Na drugiej mapie tego pojedynku, Overpassie, polscy zawodnicy początkowo nie dawali po sobie poznać, że wcześniejsza porażka w jakimkolwiek stopniu wpłynęła na ich pewność siebie. Zamiast tego szli z Vegą łeb w łeb i utrzymywali bezpieczny kontakt. Ale ponownie tylko do czasu – w siódmej rundzie uczestnicy niedawnego Majora na dobre przejęli inicjatywę i dopisali do swojego dotychczasowego dorobku aż siedem kolejnych punktów, dzięki czemu mogli być pewni, że na przerwę zejdą jako zespół prowadzący. I faktycznie udało im się zapewnić sobie przewagę wynoszącą pięć oczek, ale ta bardzo szybko stopniała w drugiej połowie, bo Youngsters zaskakująco dobrze radziło sobie w defensywie! I to na tyle dobrze, że Jarząbkowski wraz z kolegami oddali oponentom zaledwie jedną rundę, samemu zdobywając ich aż jedenaście! Dzięki temu to właśnie oni zatriumfowali 16:11, doprowadzając tym samym do trzeciej mapy.

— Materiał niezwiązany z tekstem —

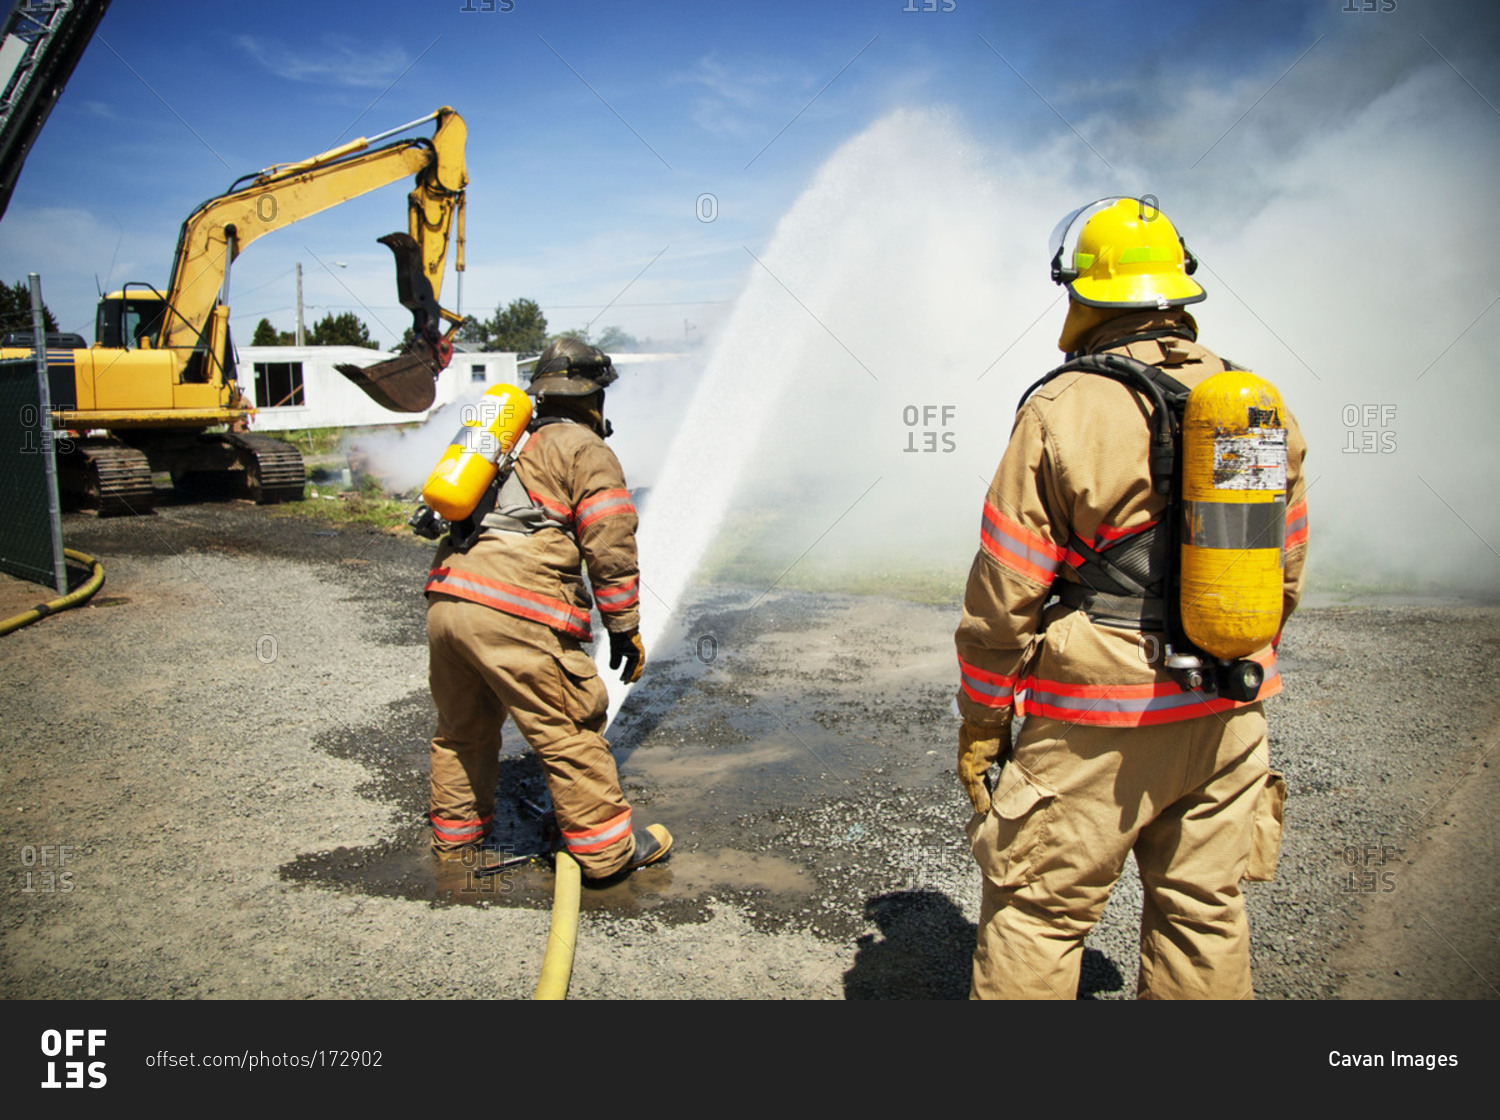 A fireman sprays water on a fire

Na niej niestety Polacy prezentowali się już o wiele gorzej i niemal żaden z ich ataków nie był specjalnie groźny dla pewnie prezentującej się defensywy rywali. Wystarczą zresztą gołe liczby – pasha i spółka tylko trzykrotnie zakończyli swoje próby natarcia sukcesem, a w pozostałych przypadkach musieli uznać wyższość Vegi. Być może wyglądałoby to o wiele lepiej, gdyby nie rozczarowująca postawa Michała "Czapela" Czapli i Krzysztofa "Goofy'ego" Górskiego, którzy w pierwszej części potyczki zdobyli odpowiednio pięć i cztery fragi. Tak czy inaczej, w przerwie z rodzimym składem stało się coś dziwnego, bo po powrocie do gry prezentował się tak, jakby pierwsza połowa w ogóle się nie wydarzyła. Youngsters, w które wstąpiły nowe siły, rozpaczliwie rzuciło się do odrabiania strat i przez pewien czas radziło sobie z tym fantastycznie, skracając dystans do oponentów o sześć oczek. Niemniej to byłoby na tyle, bo Vega w porę zorientowała się, że wygrana wymyka jej się z rąk i zdobyła się na ostatni zryw, dzięki któremu finalnie ograła przeciwników 16:9.

W związku z dzisiejszą porażką Youngsters jest już o krok od zakończenia swojej przygody z UCC Summer Smash. Polski miks nie może już pozwolić sobie na ani jedną porażkę i jeżeli chce dostać się do play-offów, musi wygrać wszystkie pozostałe mecze. Na ten moment nie jest jednak jasne, kto będzie jego kolejnym przeciwnikiem.